This is something I encounter VERY frequently when clients approach me to code their systems.  Their eyes are full of profits as all they can see in their charts is how their system will make them money.  What they don't see is the opportunities for their systems to lose money, or the interpretation/interpolation they do when they think they are trading "true" to their system.  The human brain and its visual sensors are amazing products.  Nothing compares to their ability to analyse and see patterns/scenarios which computers cannot; computer are too literal and even when you implement "fuzzy logic" the boundaries are still not broad enough.  The human uses terms like "just about to", "comes close to", "is approximately equal" etc when computers don't know how to handle these scenarios.  Think about Fibonacci numbers: how often is the retracement exactly 0.618?  what if it's 0.619 or 0.617?  What about 0.7 or 0.6?  How close is "close"; how is "distant" quantified in a computer program?

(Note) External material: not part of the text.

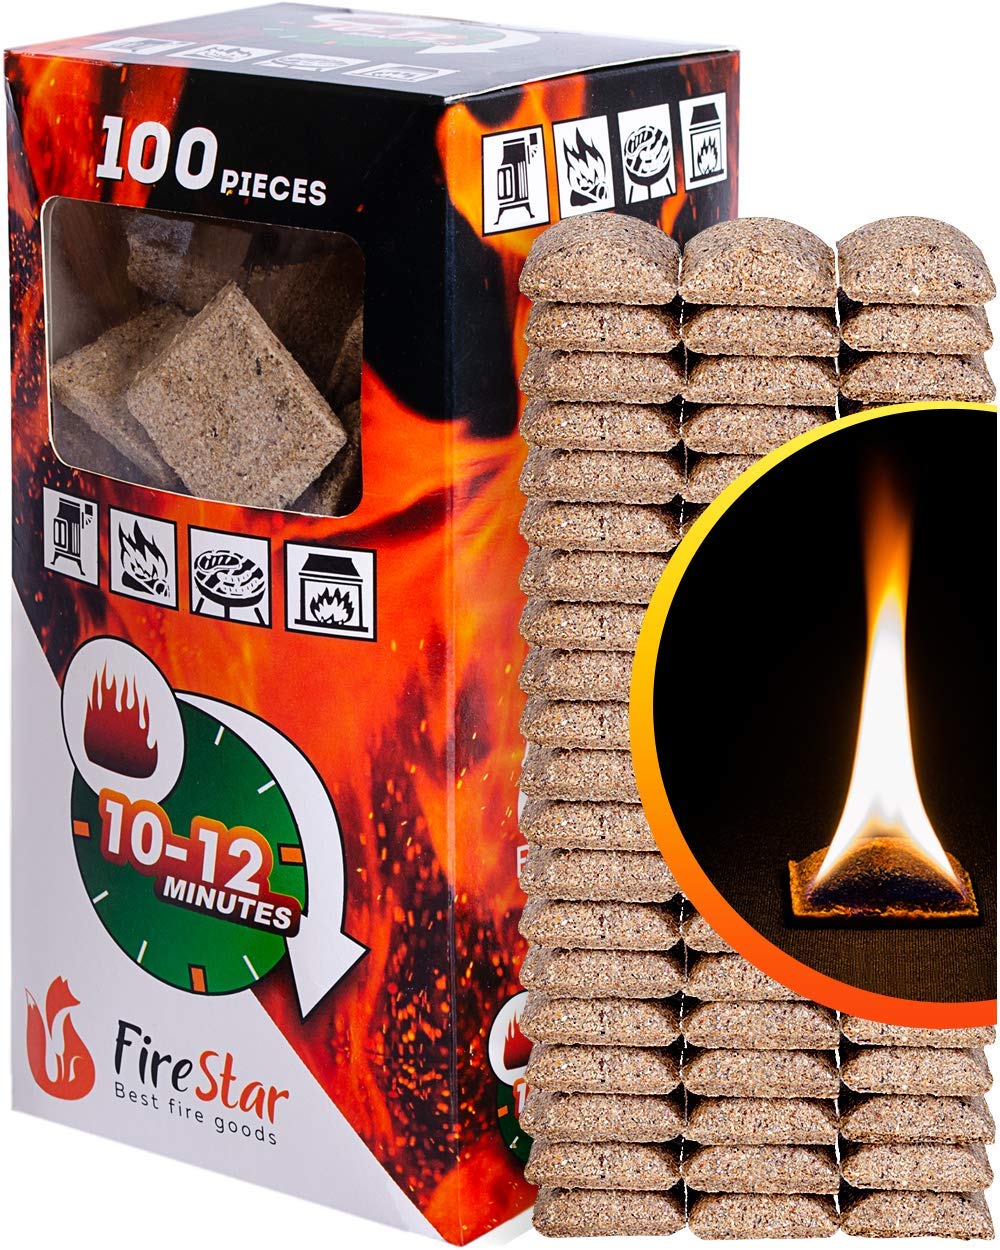 Wood Burning Fireplace with Gas Starter Best Of Fire Starter Squares 100pc Fire Starters for Fireplace Camping Fire Lighter Grill Charcoal Starter Cubes Firestarters for Campfires

This is why many people are very disappointed when they see the results of their system which don't work when the computer is left in charge, and the human brain and all its interpretative powers are removed from the processing.


wabbit


----------



## electronicmaster (12 March 2009)

Punisher said:


> Yeh nah.
> Have you had a bad experience EM?:bazooka:




Trust me.  I have worked with a Russian, and he was just like Borat.  Yea na manda hren :swear::chainsaw:

EDIT:- No No No, he is from Kazakhstan, but clams to be Russian.


----------



## pilbara (12 March 2009)

wabbit said:


> Think about Fibonacci numbers: how often is the retracement exactly 0.618?  what if it's 0.619 or 0.617?  What about 0.7 or 0.6?  How close is "close"; how is "distant" quantified in a computer program?

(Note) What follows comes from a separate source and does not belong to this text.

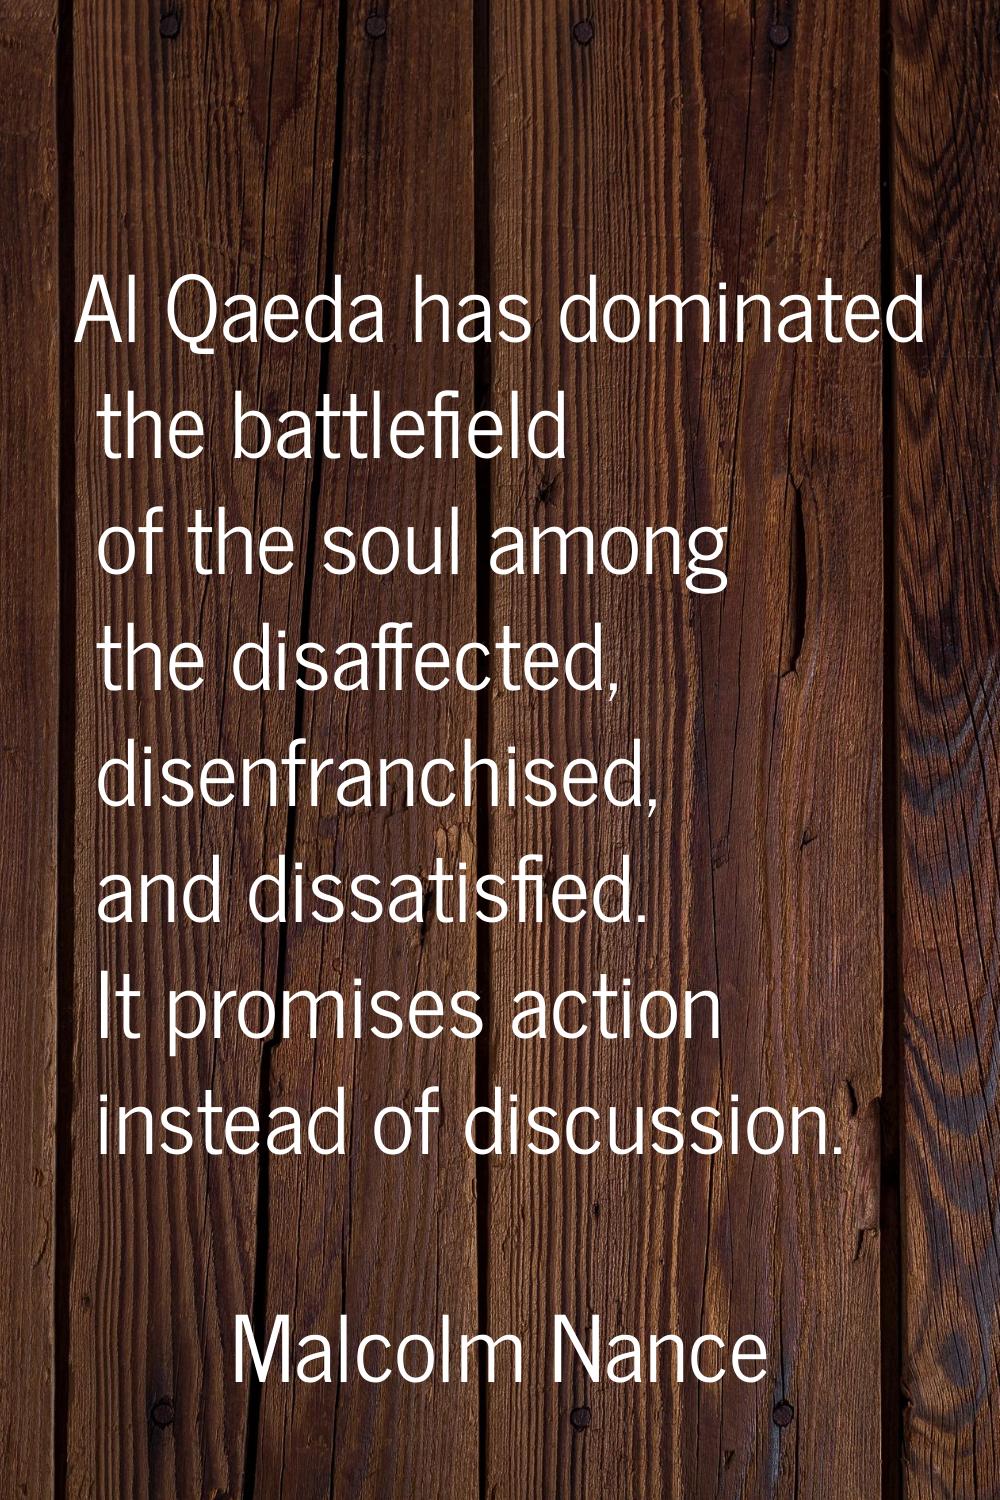 Al Qaeda has dominated the battlefield of the soul among the disaffected, disenfranchised, and diss

to give an example, yesterday I was looking at something where I thought a parameter should be around 0.5, but I thought the fibonacci 0.618 might be better, so I tried 1/2, 3/5, 2/3 and 3/4.  As expected 2/3 and 3/4 were worse than 1/2, but 3/5 which is roughly 0.618 was significantly better.  I just left it as 0.6, because it might just be an upper bound on 0.5, like within a tenth of 0.5.

Regarding "close" and "distant", I think you need to use a tolerance when comparing, and this tolerance should be derived from the current level of volatility.  If the price is moving fast, a wider tolerance is needed.


----------



## white_goodman (12 March 2009)

ill be jumping in, my EA isnt exactly a diffcult one, its pretty simple logic, so steal it if they wish...

why are some people choosing 1:1 leverage???


----------